ABERDEEN, Scotland -- The contraceptive pill does not increase the overall risk of cancer if used for no longer than eight years, according to a huge British cohort study.
ABERDEEN, Scotland, Sept. 12 -- Contraceptive pills do not increase the overall risk of cancer and may even reduce some risks, according to a huge British cohort study.
However, women who used oral contraceptives for more than eight years had an increased risk for cervical, pituitary, and central nervous system malignancies, Philip C. Hannaford, M.D., of the University of Aberdeen, and colleagues, reported online in BMJ.
Some previous research has suggested increased risks for breast, cervical, and liver cancer. However, two large cohort studies examined the overall risk of death from cancer among ever- and never-users of oral contraception, and neither found significant differences between the groups.
The current findings emerged from standardized data from the Royal College of General Practitioners' oral contraception study, which began in 1968 and included more than a million patient-years. The mean age at recruitment was 29. All women were married or living in a stable relationship and most were white.
A subgroup analysis was done for women under general- practitioner follow-up. The information included cancers, periods of observation, information about type and duration of oral contraceptives used, and hormone replacement.
The researchers calculated adjusted relative risks between never- and ever-users of oral contraceptives for different types of cancer, gynecological cancers combined, and any cancer.
Standardization variables were age, smoking, parity, social class, and (for the general-practitioner-observation dataset) hormone replacement therapy.
The main dataset contained about 339,000 woman-years of observation for never-users and 744,000 woman-years for ever-users.
Compared with never-users, ever-users had statistically significant lower rates of colorectal, uterine body and ovarian cancers, tumors of unknown site, and other malignancies, as well as main gynecological cancers combined and any cancer.
The relative risk for any cancer in the smaller general practitioner observation dataset was not significantly reduced, the researchers said.
Increasing duration of oral contraceptive use produced statistically significant trends for a decreasing risk of uterine and ovarian malignancies but an increasing risk of cervical, central nervous system, or pituitary cancer.
The researchers said they were unable to explain the increased risks for the latter cancers, although the frequent lack of a post mortem may have resulted in some misclassification of CNS events.
The estimated absolute rate reduction of any cancer among ever- users was 12% or 3% (45 or 10 per 100,000 woman years) depending on whether the main or the smaller general-practitioner dataset was used.

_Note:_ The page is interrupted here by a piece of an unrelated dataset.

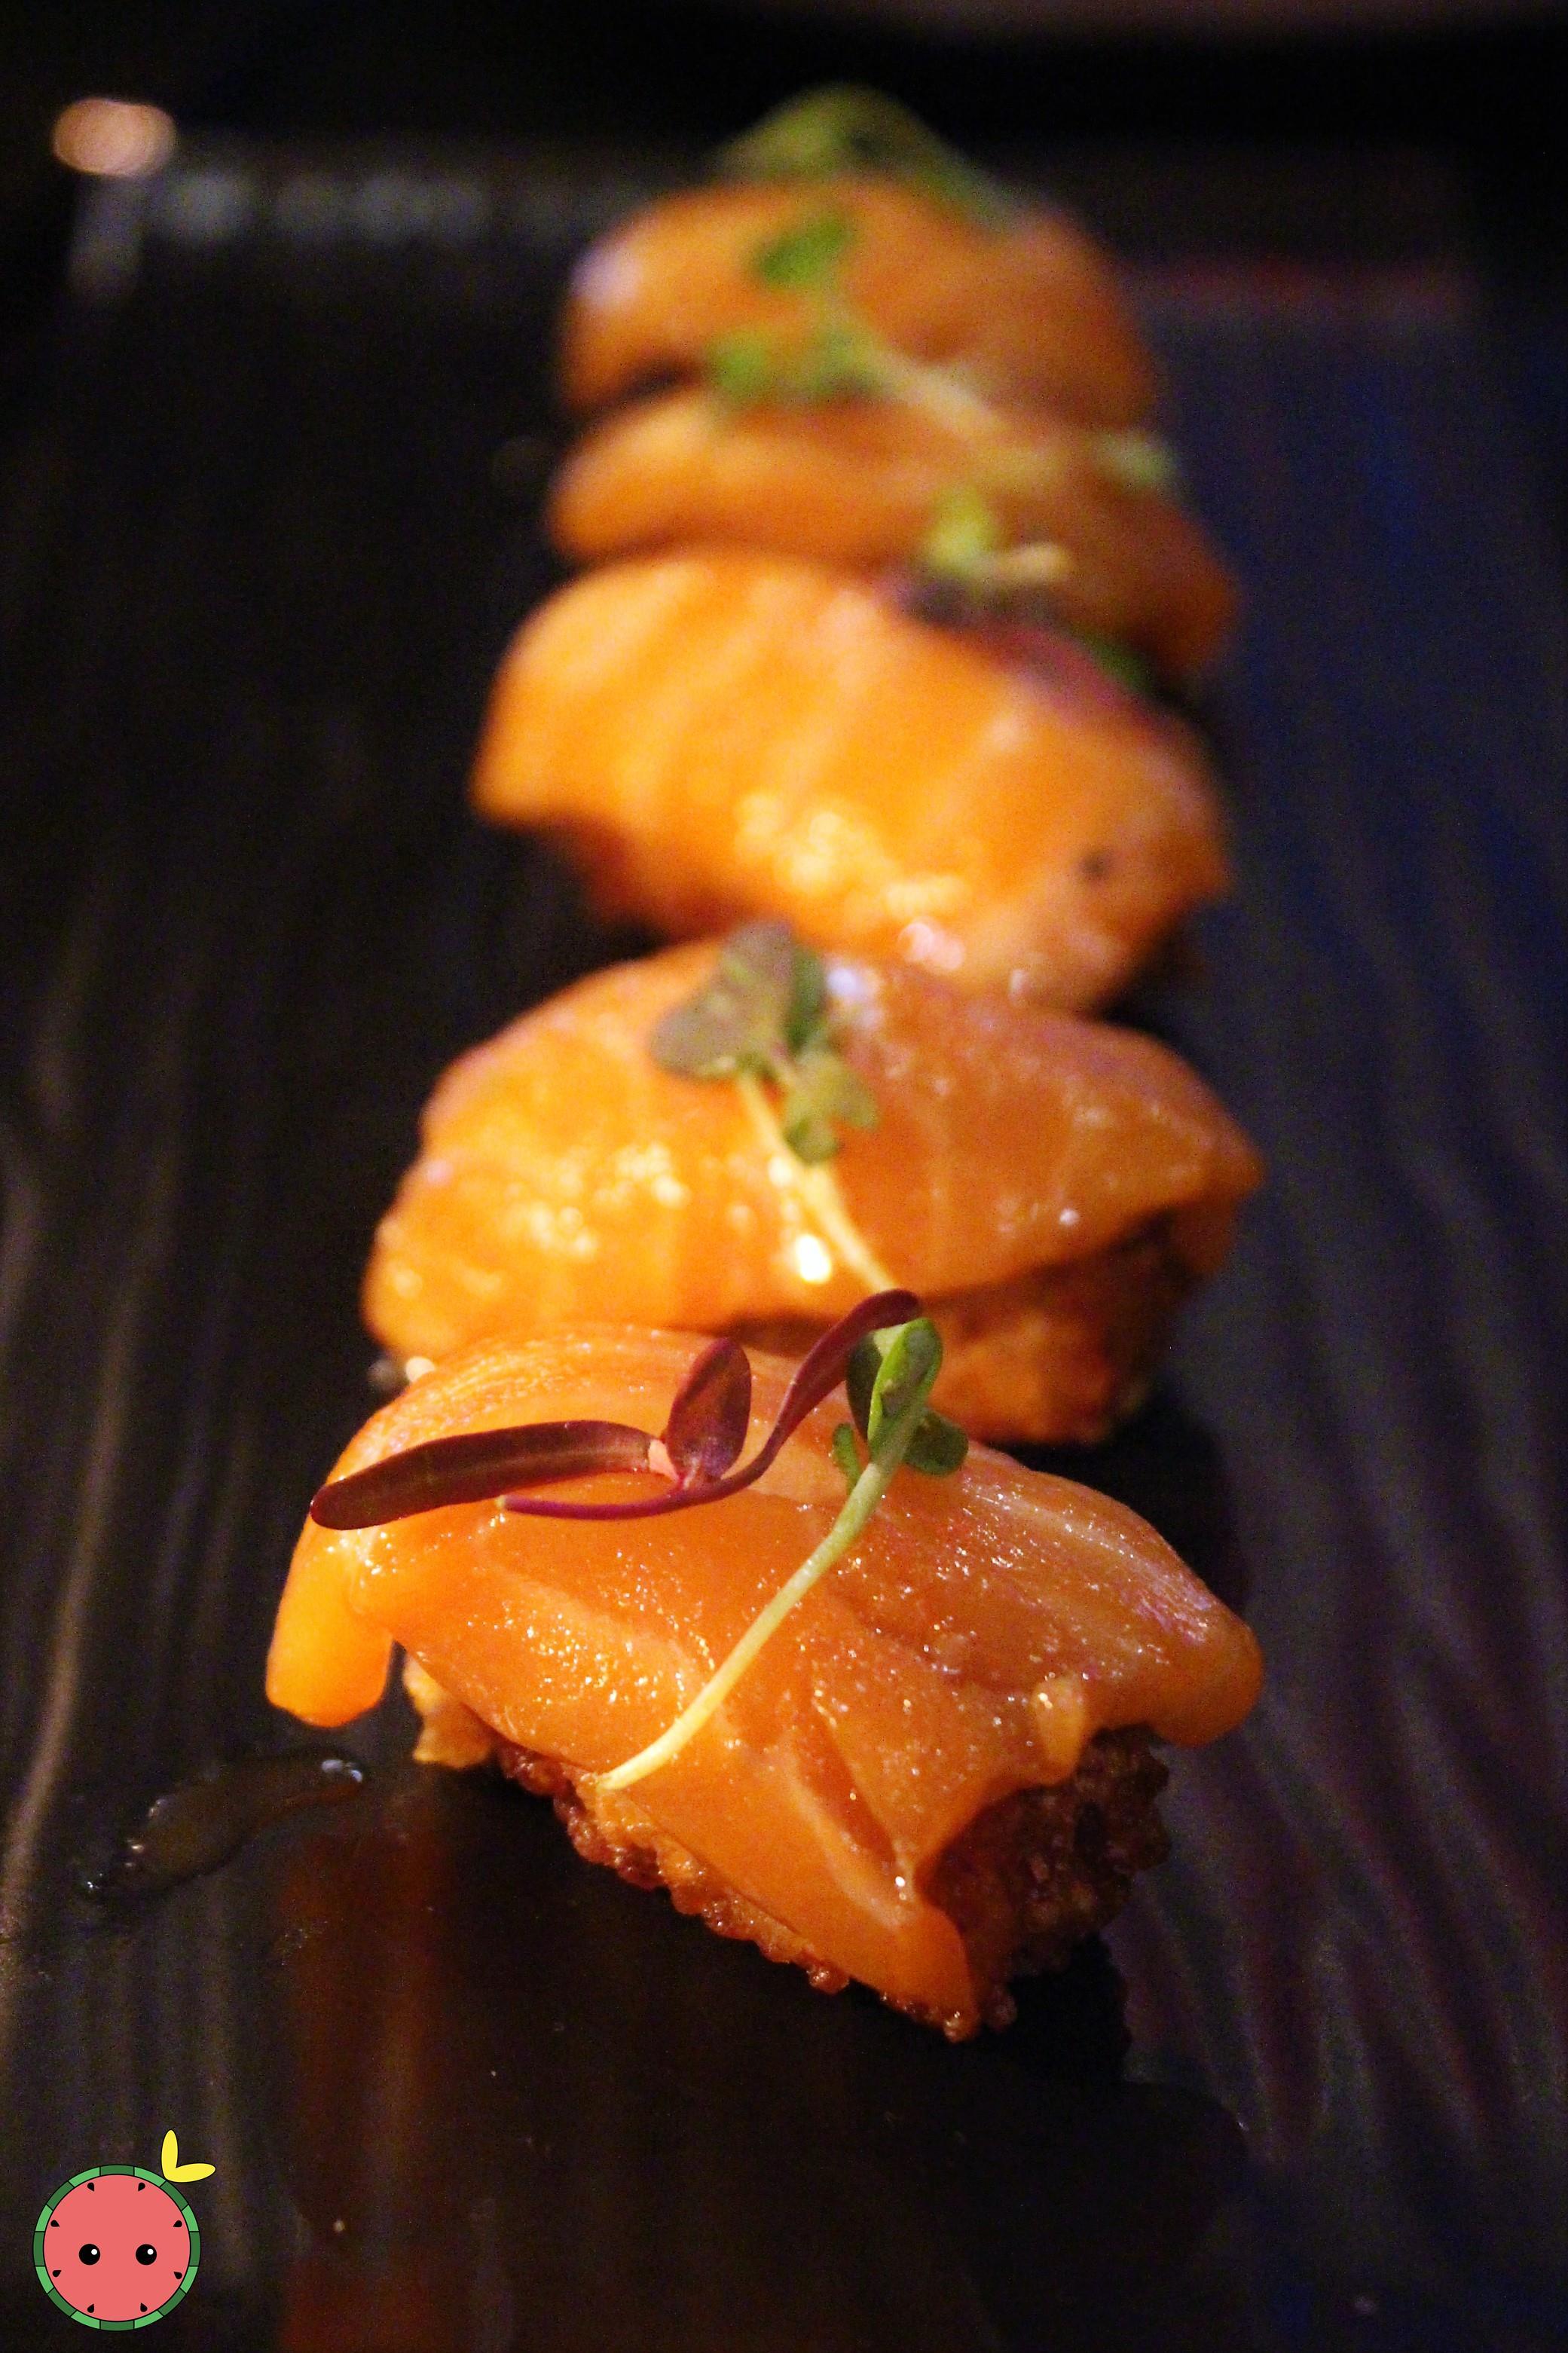 Crispy Salmon - Salmon sashimi, crispy sushi rice, chipotle aioli

The analyses of duration of use showed that long-term (? eight years) users had an increased risk of any cancer (adjusted relative risk 1.22, 95% CI, 1.07-1.39), although comparatively few women used oral contraceptives that long, Dr. Hannaford said.
Most of the agents used in the study were combined oral contraceptives containing 50 ?g of estrogen. Because most women did not stay with one estrogen dose, it was impossible to examine cancer risk by hormonal content of the pills used, the researchers said.
The study was prone to large losses to follow-up, the researchers wrote. Biased results could have occurred if there wee a relation between leaving the study, contraceptive use, and cancer risk.
However, the investigators had previously shown that women lost to general practitioner follow-up had the same mortality risks as those still under observations, suggesting no major bias from this loss.
Many women, especially those who used the first generation of oral contraceptives are likely to be reassured by these results, Dr. Hannaford said.
These results suggest that, at least in this relatively healthy cohort, the cancer benefits associated with oral contraception outweigh the risks, the researchers said.
The findings, however, might not reflect the experience of women using oral contraceptives today, if currently available preparations have a different risk or if usage patterns change (such as age at the start or duration of use), he said.
The balance of cancer risks and benefits, however, may vary in different parts of the world, depending on patterns of oral contraception use, duration of use, age at stopping, and the incidence of different cancers.
Further work, they concluded, is needed to quantify the likely balance of these cancer risks and benefits.
This study received funding from the Royal College of General Practitioners, Medical Research Council, Imperial Cancer Research Fund, British Heart Foundation, Schering AG, Schering Health Care, Wyeth Ayerst International, Ortho Cilag, and Searle.